The English word "gala" today means "festival, celebration." But it originally meant "festive dress." Klein suggests an Arabic origin, as mentioned here:
Klein suggests the French word is from Italian gala (as in phrase vestito di gala "robe of state"), perhaps from Arabic khil'a "fine garment given as a presentation."
This garment, khila, was known as a "robe of honor," like those given to Yosef by Pharaoh (Bereshit 41:42) and to Mordechai by Achashverosh (Ester 6:10).
The word khi'la, in turn, derives from the Arabic khala'a - "to divest [oneself of one's robe]." (It also might mean to put on the robe, and so would be an example of a contronym, a word that also means its opposite, as we discussed here.) Could this verb - "to remove, to take off, to depose" - have a cognate in Hebrew?

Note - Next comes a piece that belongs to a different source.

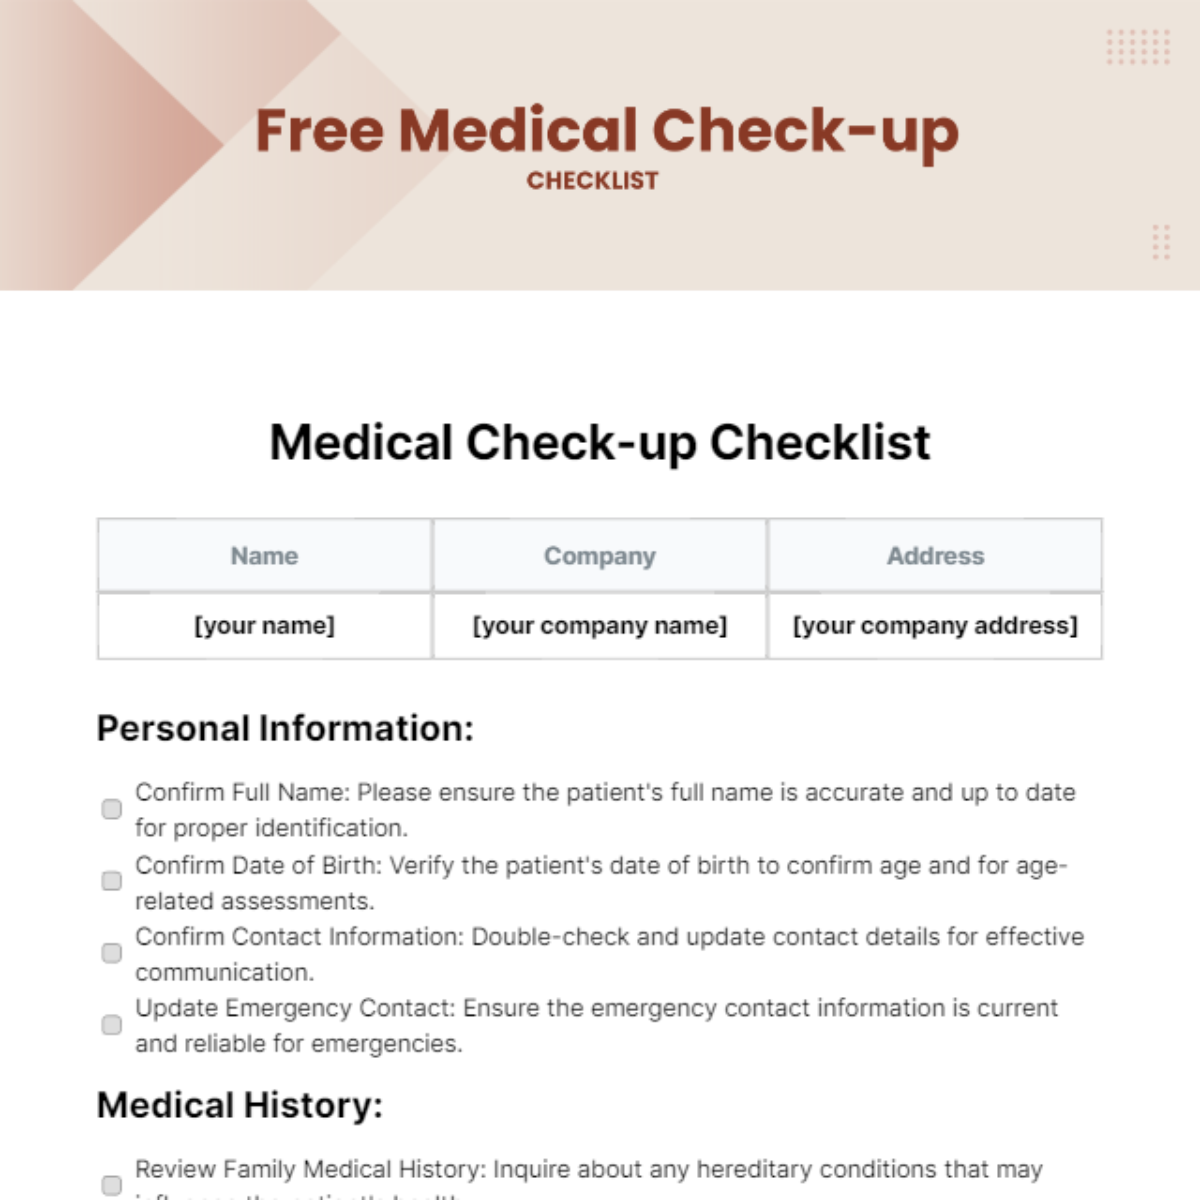 Free Medical Check-up Checklist Template

Very possibly. The connection may be found through a cognate: halal - "permitted" meat according to Islamic law. Just as in Hebrew, the word for permitted, mutar מותר, literally means "untied, loose," so too does the Arabic halal. (This is the opposite of haram - "prohibited, sacred," as we showed when discussing the Hebrew cognate cherem.)
Halal is allowed for use, and so could be defined as "profane" (i.e. not religiously forbidden.) In this way it is cognate with the Hebrew root חלל chalal, and the noun chol חול - both meaning "profane" (and today "secular.") Klein provides the following etymology for that root:
Aram. חֲלַל, Syr. אַחֵל (= he profaned), Arab. ḥalla (= he united, undid), ḥall (= the profane, allowed for use).
I think that there is a likely typo in Klein here, and halla should be defined as "he untied", not "he united."
Stahl provides a similar development, saying both the Hebrew and Arabic roots mean "released" - which applies to robes of honor, meat from ritual prohibition, and all things from their sacred status.